Les autres sont poussés dans la rue à coups de crosse pour être emmenés en captivité. Les noirs s’enfuient par milliers pour se réfugier sur les hauteurs du Cap. Les incendiaires, une fois leur tâche accomplie, se défoulent en tuant tous les blancs qui n’ont pas encore été capturés. L’hôpital de la Providence n’échappe pas à l’incendie : tous les malades périssent, brûlés vifs dans leurs lits. Ainsi, la ville n’est plus qu’un horrible charnier et un véritable brasier !

Lorsque les soldats Français aperçoivent les premiers tourbillons de fumée, il est trop tard. Leclerc peut bien décider de canonner la ville et de s’emparer des forts, quand il pénètre dans les faubourgs, un spectacle de désolation s’offre à lui : la plus riche et la plus belle cité des Antilles est réduite en cendres.

Il peut bien ordonner de pousser jusqu’aux marais avoisinants pour chasser le plus loin possible les guerriers de Christophe, les derniers noirs ont pu gagner les Hauts du Cap et les collines qui dominent la baie.

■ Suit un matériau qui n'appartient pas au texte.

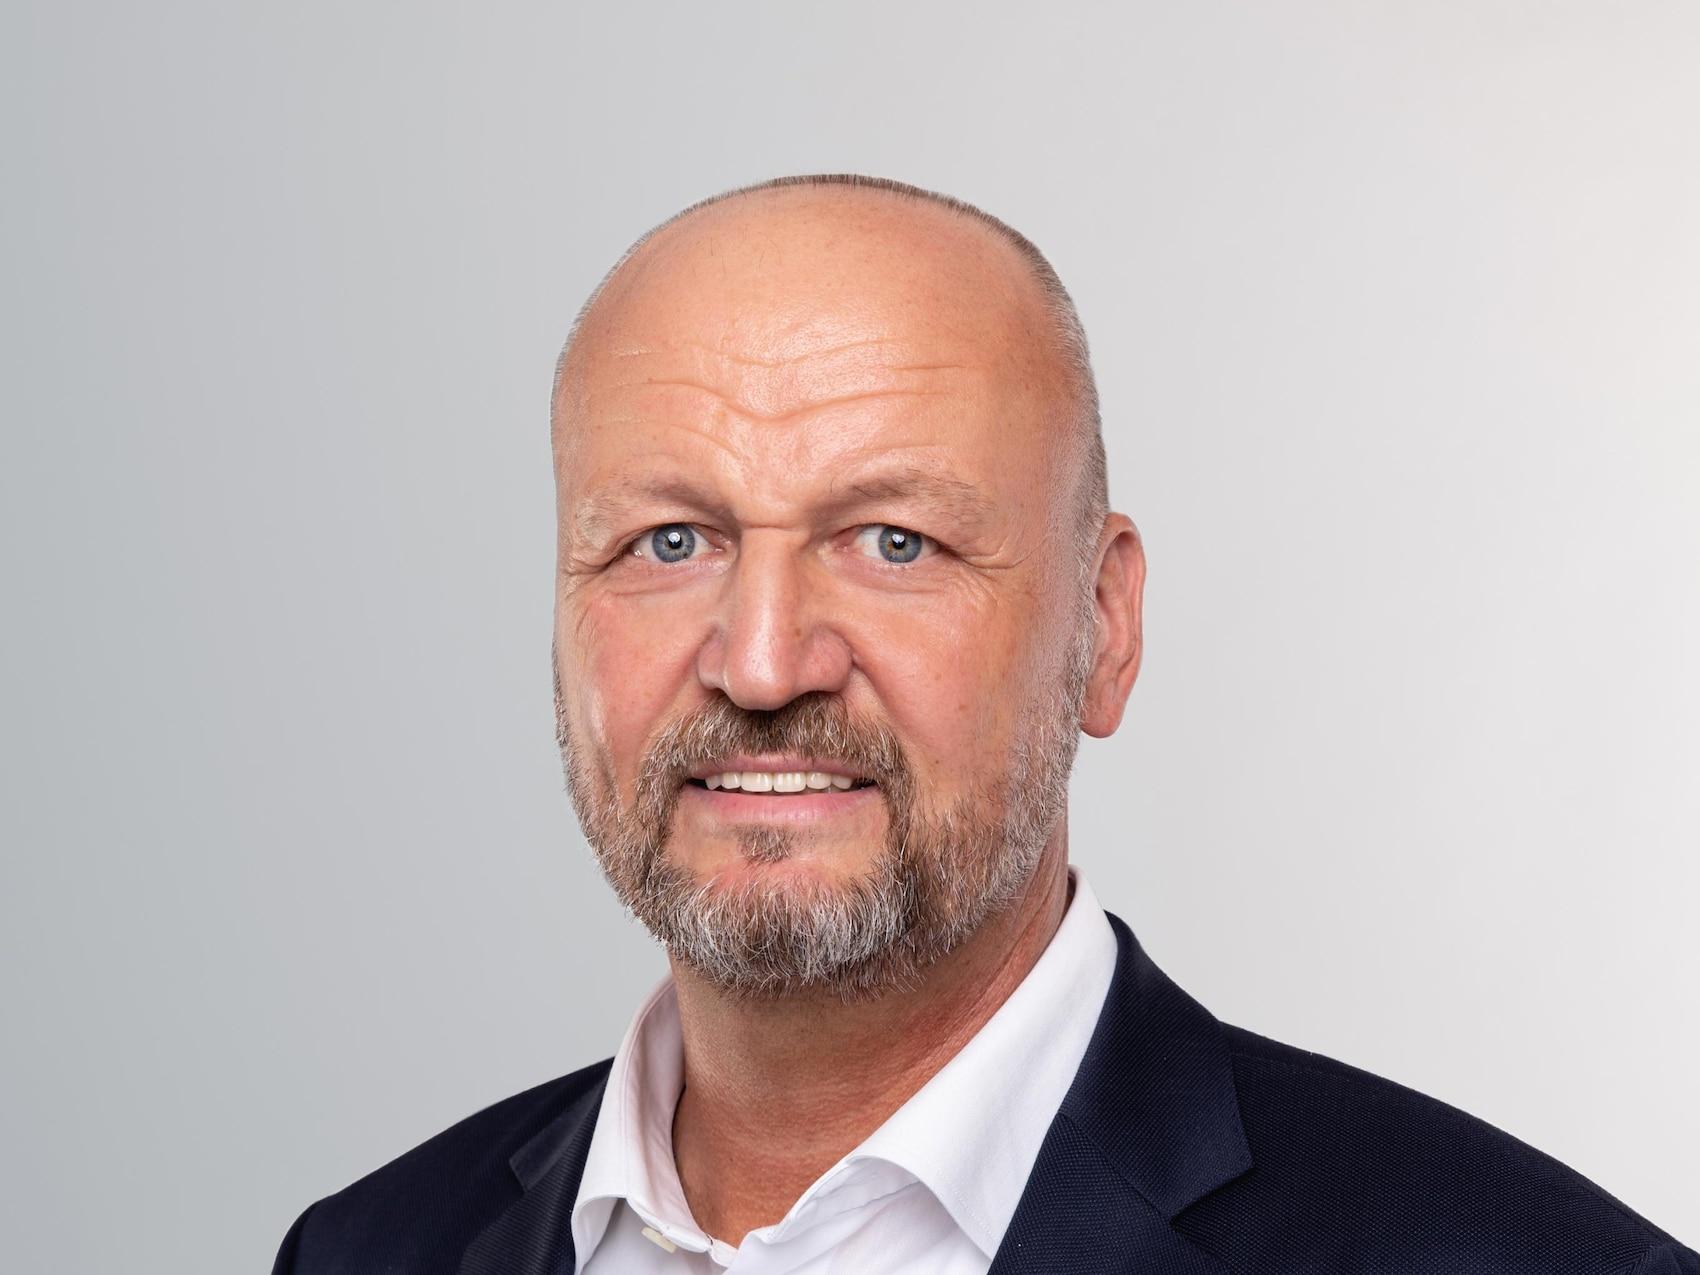 team-sc-freiburg-kaulfuß-michael

De là, ils s’enfoncent dans l’intérieur de l’île, ivres de haine, massacrant les colons qui ne se soumettent pas. Ils n’hésitent pas à saccager les plantations, à détruire les réserves d‘aliments, et vont jusqu’à empoisonner les sources, dévastant tout sur leur passage !

Le jour suivant, 6 février, Villaret-Joyeuse fait voile vers le port pour y jeter l’ancre. Toute résistance ayant cessé par la retraite des noirs, il débarque immédiatement 1200 matelots sous le commandement énergique du général Humbert, afin de tendre la main aux troupes de Leclerc et surtout, d’essayer de sauver de la ville ce qui peut encore l’être.

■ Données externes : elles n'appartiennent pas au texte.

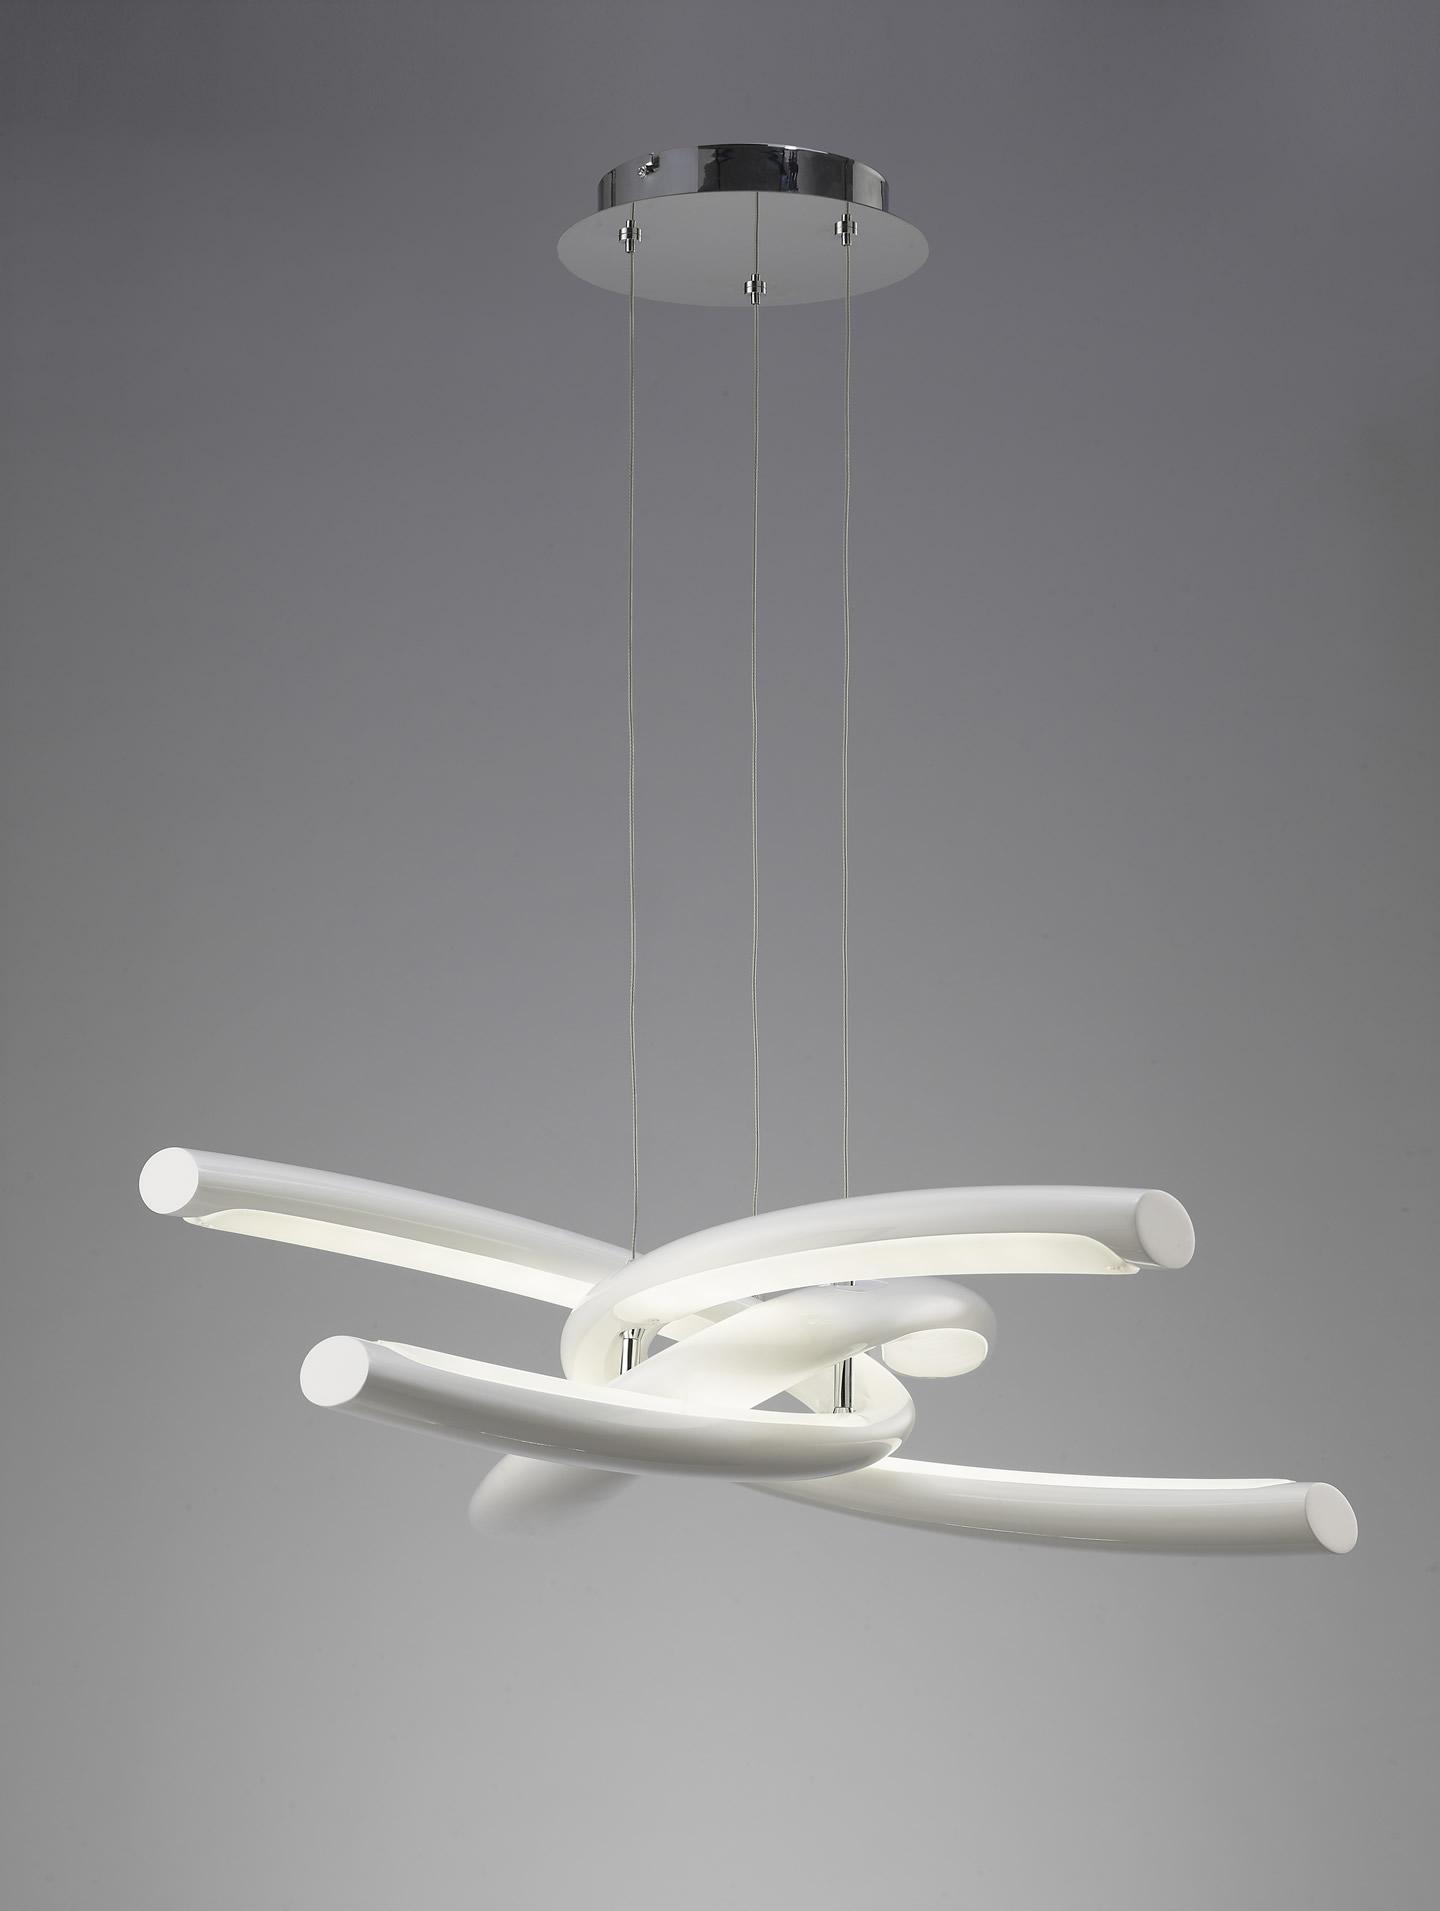 Knot Lámpara 6L LED 48w Cromo + blanco

Une partie des habitants qui avait suivi la municipalité errante et désolée, fait fête aux marins et court aux demeures incendiées pour tenter d’éteindre le feu en compagnie des matelots. Si Leclerc est arrivé trop tard pour empêcher le désastre, la poursuite qu’il a ordonnée permet au moins de sauver les riches habitations de la plaine du Cap et de soustraire ainsi les blancs et les métis qui s’y sont rassemblés.

Entre-temps, Magon a bien débarqué Rochambeau et sa division à l’entrée de la baie de Mancenille ; il n’hésite pas à pénétrer dans la baie même, pour seconder le déplacement des troupes. Cette fois, les mouvements sont si bien combinés que les noirs –effrayés par quelques coups de canons- ne songent plus à résister et décampent sans commettre aucun ravage.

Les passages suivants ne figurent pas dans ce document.